# Exploring Hacker News Posts

In this project, we'll be conducting some analysis on a subset of a dataset cataloguing posts to the [Hacker News site](https://news.ycombinator.com/news).

For this analysis, we'll hone in on "Ask HN", which ask the Hacker News community for answers/opinions on a question, and "Show HN" posts, which share a project, product, or something generally interesting with the community. Some examples:
>Ask HN: How to improve my personal website? <br>
Ask HN: Am I the only one outraged by Twitter shutting down share counts? <br>
Show HN: Something pointless I made <br>
Show HN: Shanhu.io, a programming playground powered by e8vm

The key questions we intend to answer are:
* Do Ask HN or Show HN receive more comments on average?
* Do posts created at a certain time receive more comments on average?

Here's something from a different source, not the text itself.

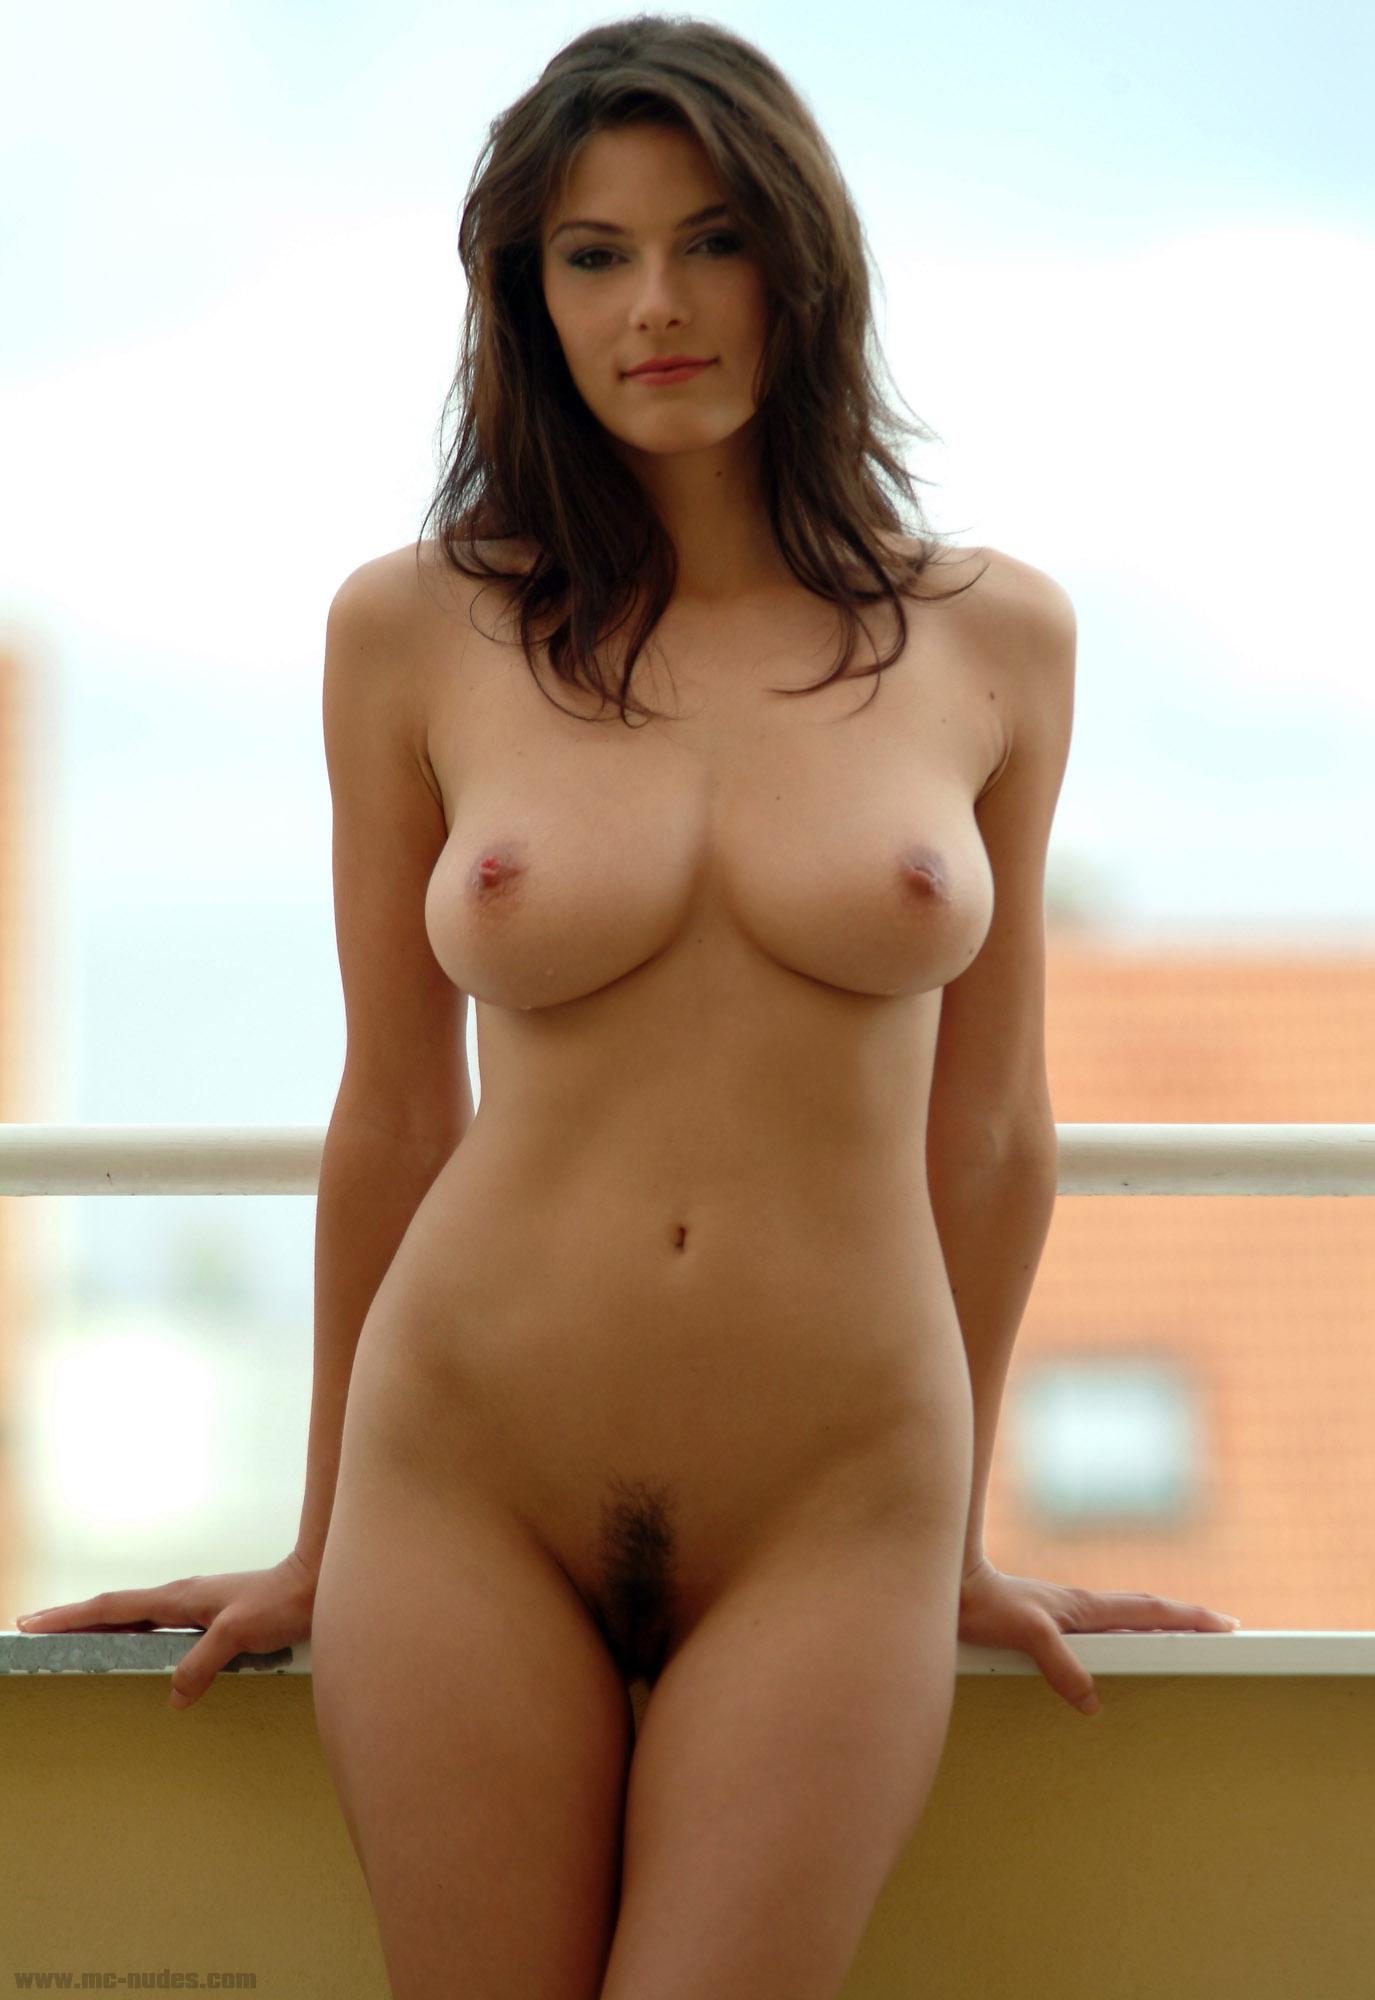 Фото полностью голых девок 12 фотография

The [dataset](https://www.kaggle.com/datasets/hacker-news/hacker-news-posts) we're making use of is sourced from Kaggle. Some caveats:
* we've reduced the nearly 300,000 rows to 20,000 by removing all submissions not receiving any comments, and then taking a random sample from the remainder. This will lend itself toward more relevant results and hopefully suffice for the light analysis we have planned. 
* the dataset covers only the 12 months up to September 26 2016.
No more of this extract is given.